Kemudian belanja pada P-APBD 2016 sebesar Rp10,180 triliun lebih mengalami pertambahan Rp229,609 miliar lebih atau 2,31 persen dari belanja pada APBD murni 2016 sebesar Rp9,950 triliun lebih

Disebutkan, pendapatan pada RP-APBD 2016 terdiri dari Pendapatan Asli Daerah (PAD) sebesar Rp4,691 miliarar, bertambah Rp61,025 miliar atau 1,32 persen dari PAD murni Rp4,630 triliun lebih.  Dana perimbangan Rp5,102 triliun lebih mengalami pertambahan sebesar Rp2,809 miliar lebih atau 124,51 persen dari dana perimbangan di-APBD murni 2016 sebesar Rp2,272 triliun lebih.

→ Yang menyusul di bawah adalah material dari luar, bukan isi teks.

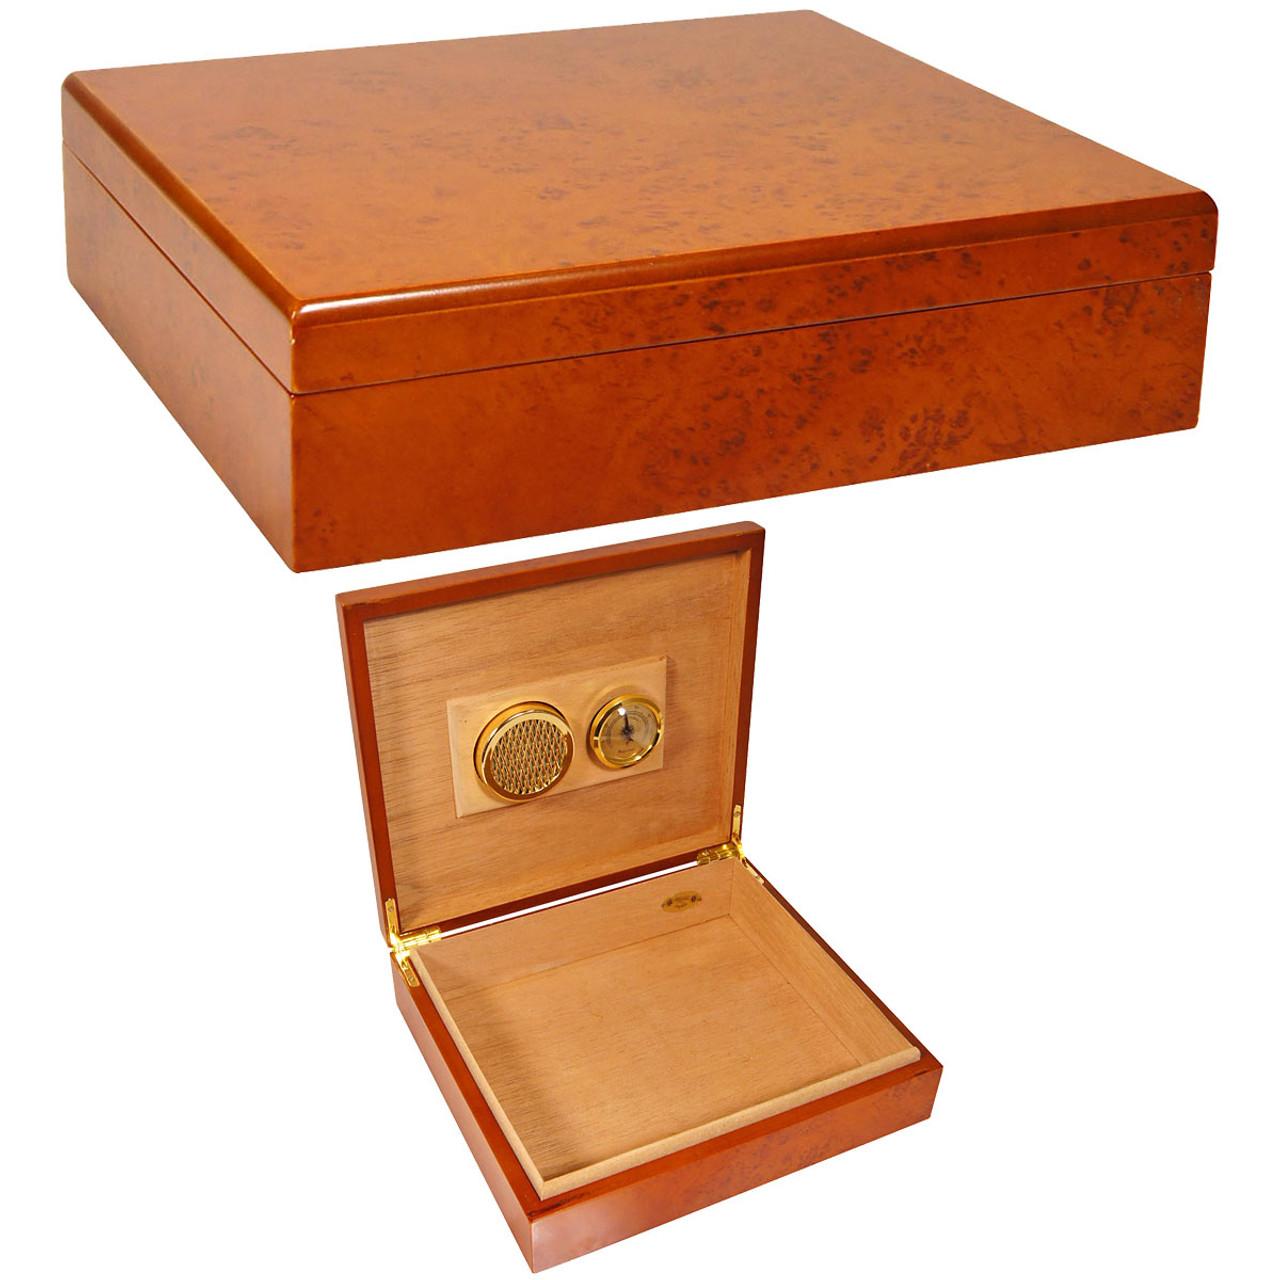 No Cigars Included Hi-Gloss Set of 2 Camacho Connecticut Empty Cigar Boxes

Kemudian dari lain-lain pendapatan yang sah sebesar Rp261,572 miliar lebih berupa pendapatan hibah sebesar Rp221,905 miliar, dana penyesesuaian dan otonomi khusus Rp39,666 miliar. Sedangkan lain-lain pendapatan daerah yang sah pada APBD murni 2016 mencapai Rp3,070 triliun.

Untuk belanja pada RP-APBD 2016 terdiri dari belanja tidak langsung sebesar Rp7,335 triliun lebih bertambah Rp275,657 miliar lebih atau 3,90 persen dari APBD murni Rp7,059 triliun lebih. Belanja langsung hanya Rp2,845 triliun lebih menurun Rp46,047 miliar atau 1,59 persen dari belanja langsung di-APBD murni 2016 sebesar Rp2,891 triliun lebih.

BACA JUGA  Disiplin Anggota Dewan Rendah, Paripurna DPRD Sumut Molor 6 Jam

Untuk pembiayaan daerah terdiri dari penerimaan pembiayaan daerah sebesar Rp536,274 miliar lebih berupa Sisa Lebih Pembiayaan Anggaran (SiLPA) sebelumnya Rp536,274 miliar lebih. Sedangkan pengeluaran pembiayaan berupa penyertaan modal daerah sebesar Rp411,348 miliar lebih, sehingga SiLPA tahun berkenaan Rp0,-.  (ts-02)

 

 

Loading...
loading...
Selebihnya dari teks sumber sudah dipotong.